Más tarde vi la película con mis propios ojos, y después leí la novela media docena de veces. Pero, para bien o para mal, los rasgos de D’Hubert son y serán para siempre los del actor Keith Carradine, y los de Feraud los del actor Harvey Keitel. Y en mi memoria persiste el brillante parlamento final de la película (no el de la novela) que D’Hubert le dirige a Feraud: “He vivido pendiente de ti durante quince años. No volveré a hacer jamás lo que me pidas. Según las reglas del combate, tu vida me pertenece. Simplemente te declaro muerto. Ten la cortesía de comportarte como un hombre muerto.

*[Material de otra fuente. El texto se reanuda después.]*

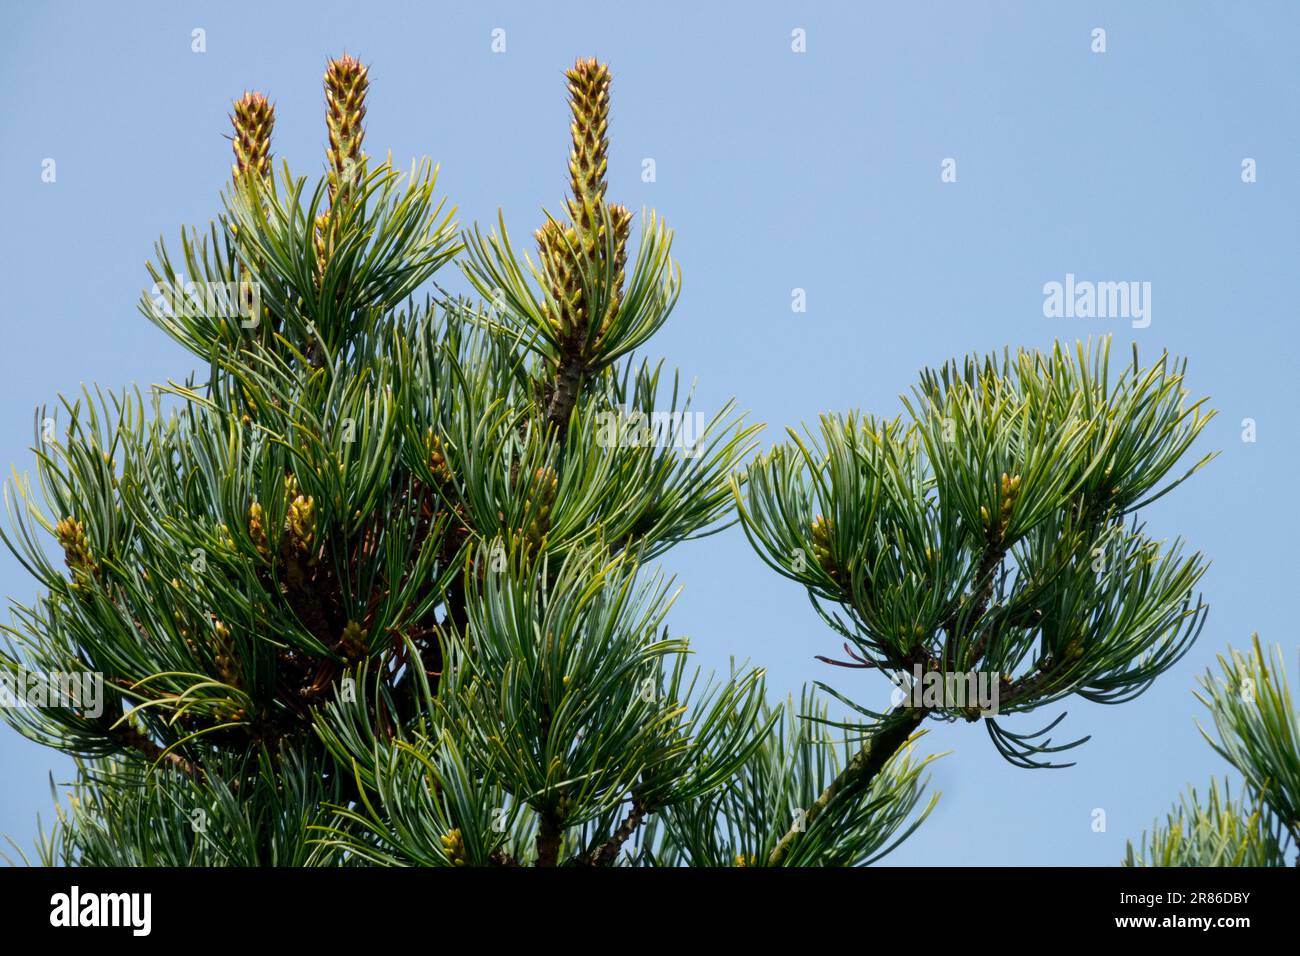 Japanese White Pine, Tree, Pinus parviflora branch Stock Photo

Me he sometido a tus llamadas de honor todos estos años… ¡Sométete tú ahora a la mía!” (cito de memoria). Y luego, el cierre. Mientras suena la partitura original de Howard Blake, Feraud —envuelto en el mismo abrigo gris y el bicornio de Napoleón— se pasea, abatido, por la colina cubierta de bosque donde se ha batido por última vez. Se detiene en un balcón natural para contemplar el curso del río, mientras los rayos de sol asoman entre las nubes, y en un primer plano la cámara se recrea en el rostro adusto y la mirada torva del duelista vencido.

"El paralelismo entre Napoleón y Feraud es inevitable. Napoleón había perdido el duelo que, durante quince años, había sostenido con las monarquías europeas"

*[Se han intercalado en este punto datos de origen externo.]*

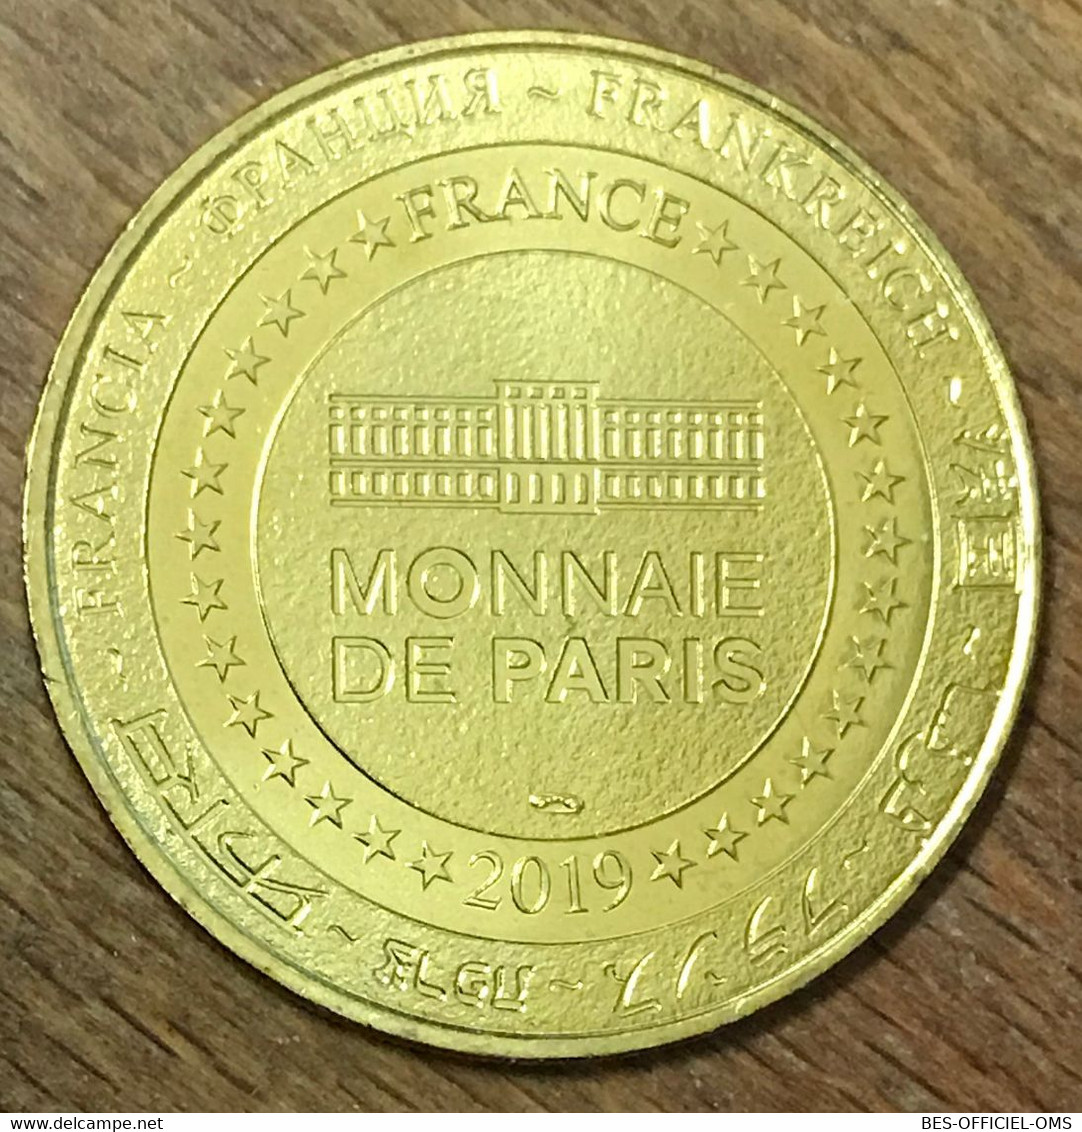 77 DISNEYLAND MINNIE LE CAROUSEL DISNEY MDP 2019 MÉDAILLE SOUVENIR MONNAIE DE PARIS JETON TOURISTIQUE MEDALS COIN TOKENS - 2019

El paralelismo entre Napoleón y Feraud es inevitable. Napoleón había perdido el duelo que, durante quince años, había sostenido con las monarquías europeas, y terminó exiliado —muerto en vida— en Santa Helena, un pedrusco perdido en medio del Atlántico. Feraud, por su parte, había perdido el duelo particular que, en el marco de aquel gran enfrentamiento continental, había mantenido con D’Hubert. Fuera del estado de guerra que había sido el hábitat natural para su belicoso carácter, expulsado del ejército y exiliado a una pequeña aldea en el centro de Francia, para Feraud la resolución del duelo no podía ser más humillante. La muerte para él hubiera sido, qué duda cabe, una opción más deseable, pero su vida ahora pertenecía a su rival, D’Hubert, y eso le atormentaría el resto de su torturada existencia.

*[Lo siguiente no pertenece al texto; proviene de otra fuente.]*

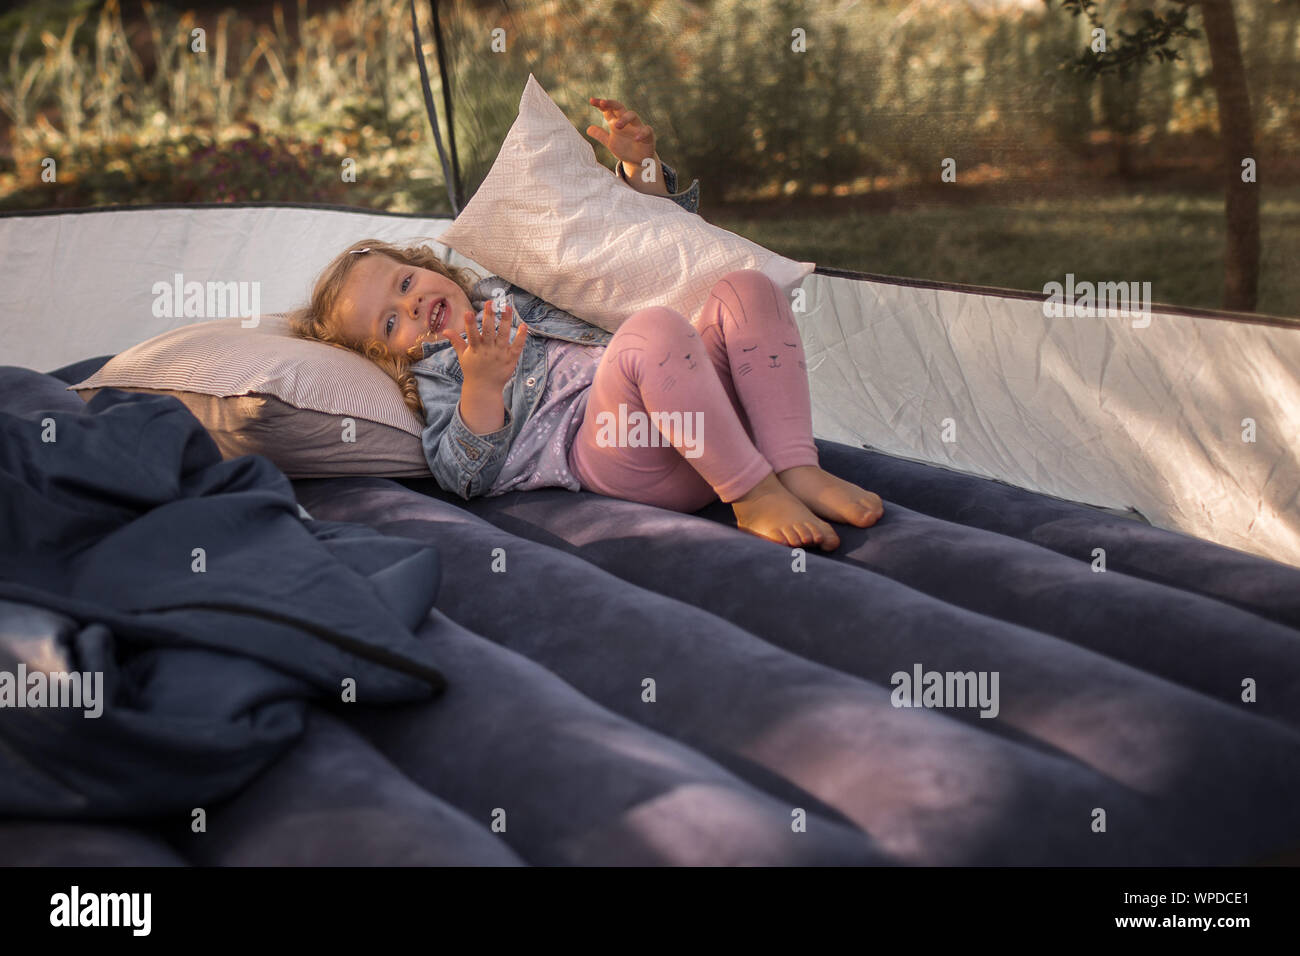 Peu, heureux bambin fille, allongé sur un matelas pneumatique dans une tente, sur un voyage de camping Banque D'Images

Al parecer, el modelo en el que se basó Conrad para el inflexible Feraud no fue otro que aquel fervoroso bonapartista y canífago ocasional Mikołaj Bobrowski. Y a su tío abuelo debe también su fascinación (que no fanatismo) por la figura de Napoleón Bonaparte y la época que encarnaba. Las aventuras y desventuras que su tío abuelo le contó cuando era niño se convirtieron muchos años después en la chispa de su inspiración.

Ninguna de las obras de inspiración napoleónica forma parte del canon habitual de obras maestras que la tradición le atribuye a Joseph Conrad —entre las que se suelen citar El corazón de las tinieblas, Lord Jim, Nostromo o El agente secreto—, pero incluso en sus obras menores, Conrad nunca deja de ser un formidable escritor.